[Collection entries]

· · ·

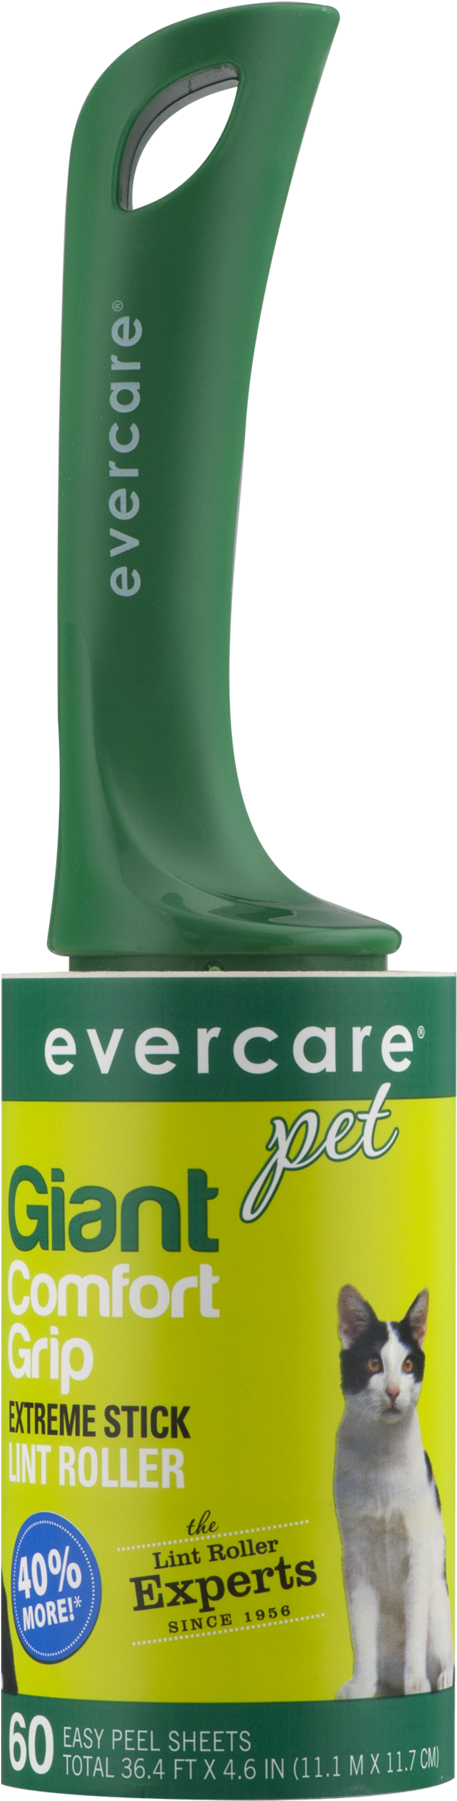 Evercare Pet Giant Comfort Grip Extreme Stick Lint - Evercare Ergo Grip Extreme Stick Lint Roller, 60 Sheets (1800x1800), Png Download
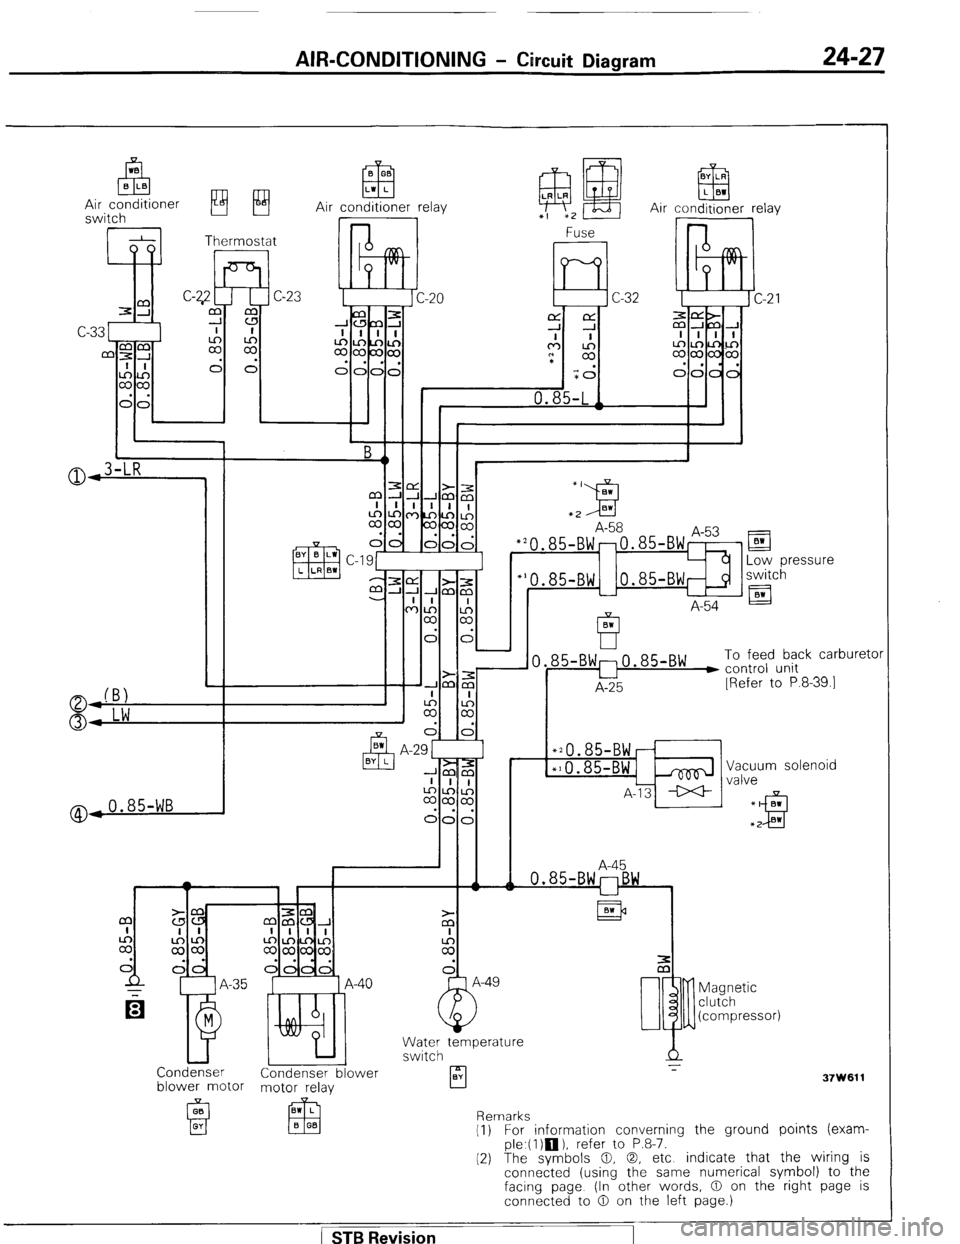 MITSUBISHI MONTERO 1987 1.G Workshop Manual AIR-CONDITIONING - Circuit Diagram 24-27 
Air conditioner relay 
@,0.85-WB 
El 
Low pressure 
switch 
A-54 El 
85-BW:0.85-BW ) To feed back carburetc 
u control unit 
A-25 [Refer to P.8-39.1 
*20.85-B

· · ·

Copy out all of the data word for word. Do not carry over any picture.

### Exercise output
 Evercare Pet Giant Comfort Grip Extreme Stick Lint - Evercare Ergo Grip Extreme Stick Lint Roller, 60 Sheets (1800x1800), Png Download
 MITSUBISHI MONTERO 1987 1.G Workshop Manual AIR-CONDITIONING - Circuit Diagram 24-27 
Air conditioner relay 
@,0.85-WB 
El 
Low pressure 
switch 
A-54 El 
85-BW:0.85-BW ) To feed back carburetc 
u control unit 
A-25 [Refer to P.8-39.1 
*20.85-B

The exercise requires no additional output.